If Pacific Northwest LNG proceeds, estimated investment in the LNG export plant will be $9-11 billion (Can.), "depending on the final project scope," the companies said.

Petronas and Progress reiterated they expect final investment decision in late 2014, with first LNG exports in 2018.

Permits sought for South Texas LNG export

Pangea LNG (North America) Holdings LLC, Ingleside, Tex., has begun seeking approvals to build an LNG export plant on Corpus Christi Bay in South Texas.

Pangea applied to the US Department of Energy to export as much as 8 million tonnes/year of LNG to all current and future countries with which the US has a Free Trade Agreement and plans to file a similar application for LNG exports to any other country with which the US has no FTA in effect.

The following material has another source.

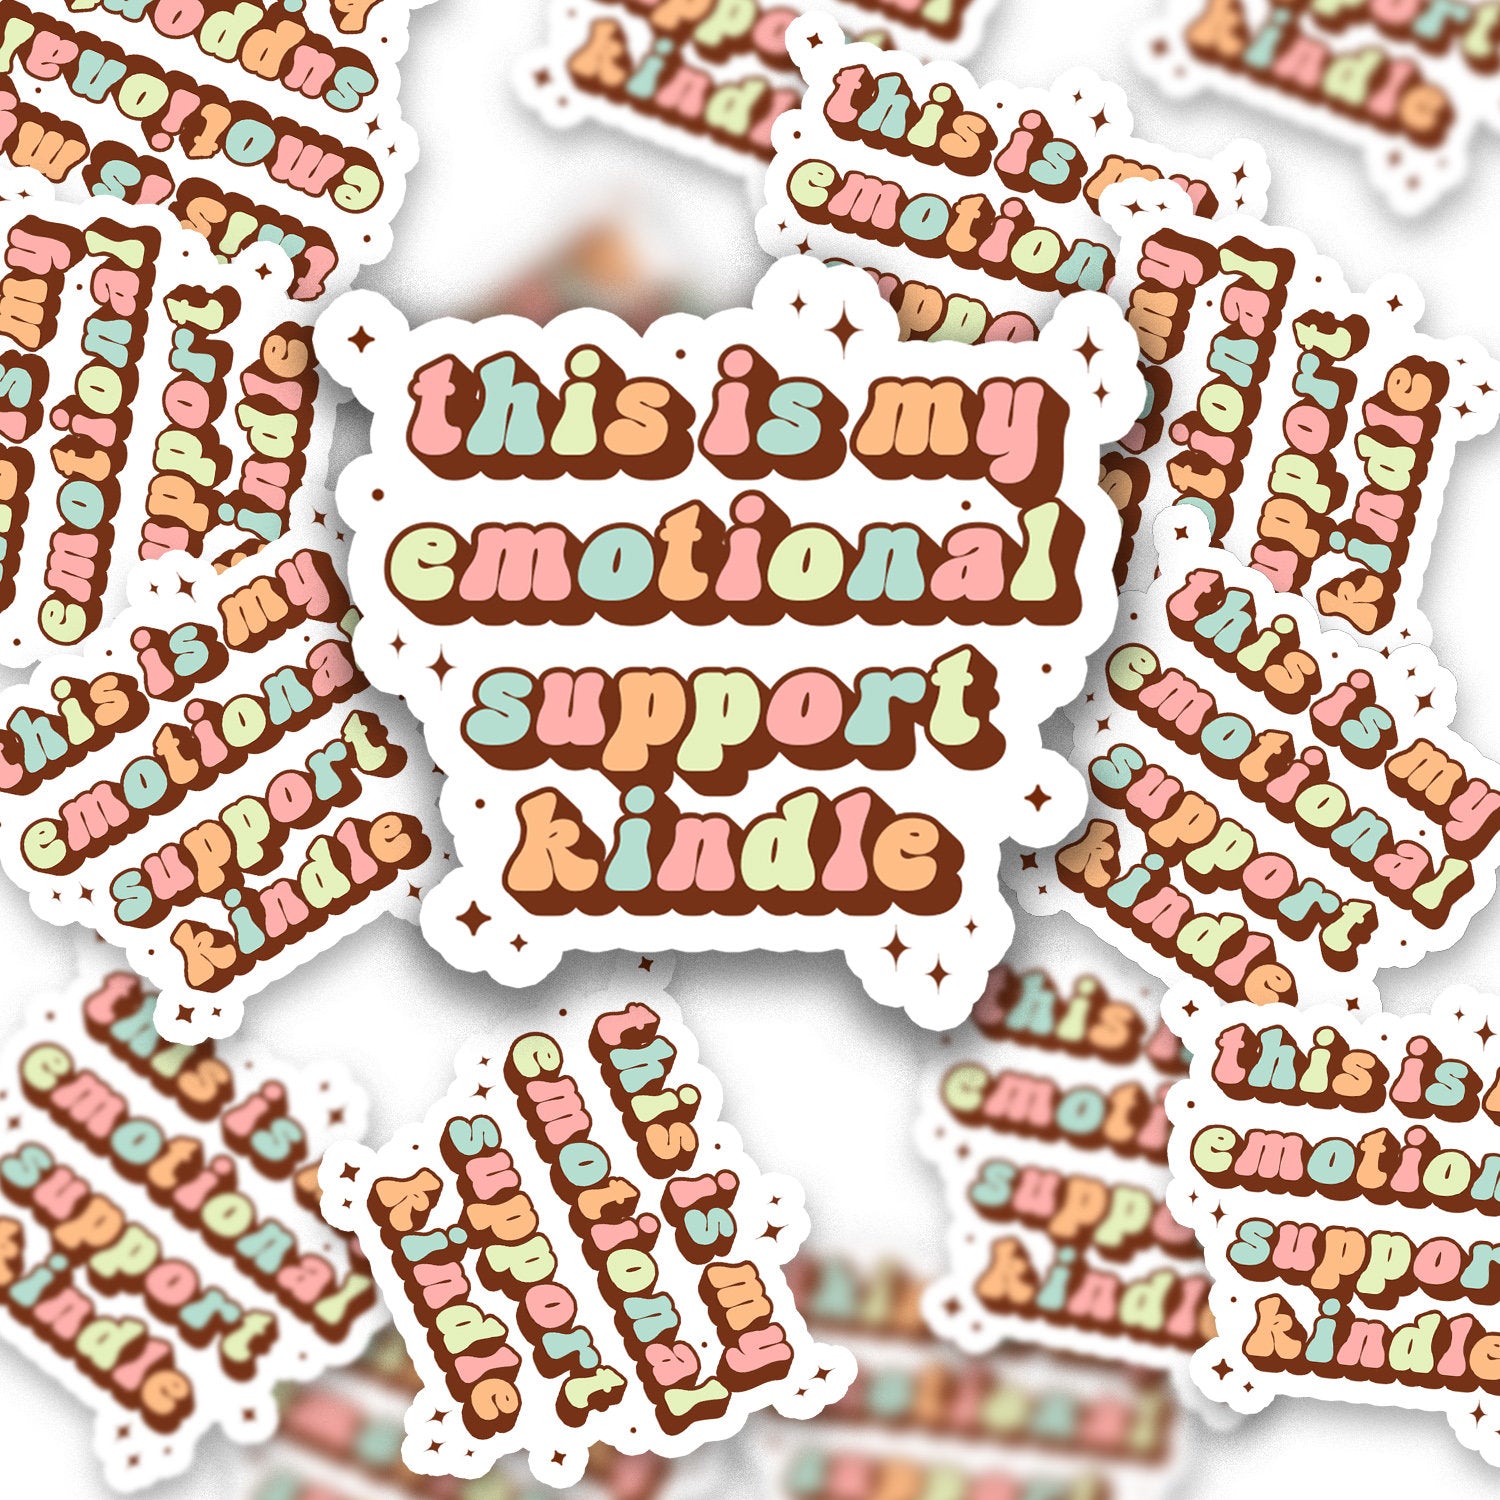 This Is My Emotional Support Kindle Sticker, bookish, kindle stickers, books lover gifts, books sticker, smut stickers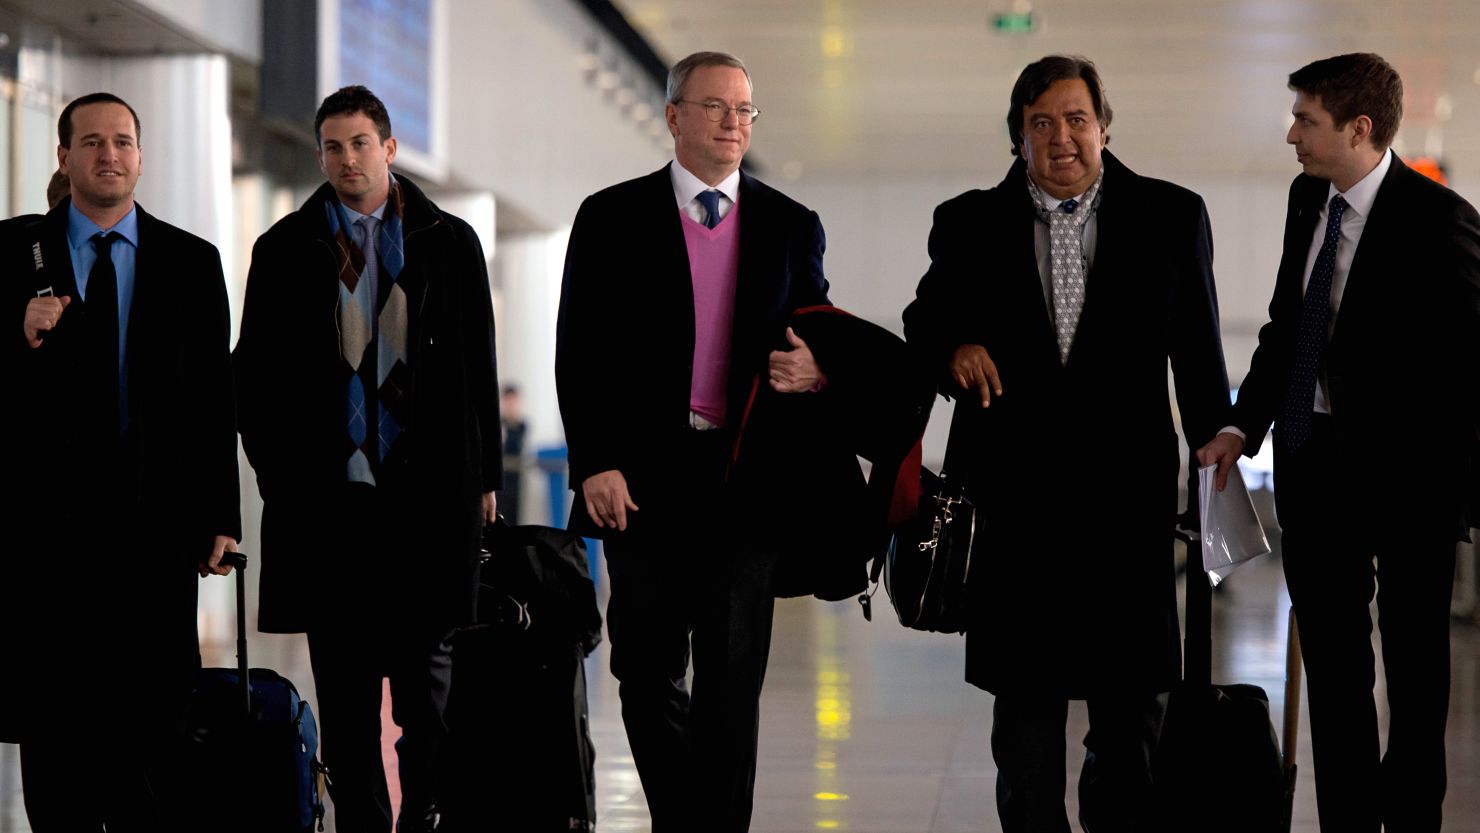 Google chairman Eric Schmidt, center, arrives at Beijing airport from North Korea on January 10, 2013.

The project—South Texas LNG Export—will be in the city of Ingleside on the La Quinta Ship Channel, part of the Port of Corpus Christi. It will sit on a portion of 550 acres that include ½ mile of frontage on the federally maintained deepwater ship channel.

The announcement said Pangea has had the site under option since June. A separate pipeline would connect the LNG plant to extensive interstate and intrastate natural gas transmission pipelines in South Texas.

John Godbold, project director for Pangea LNG, said project feasibility and preliminary design are now under way by CB&I, Houston. If this application process moves forward on schedule, he said, the South Texas LNG plant could be in operation by 2018.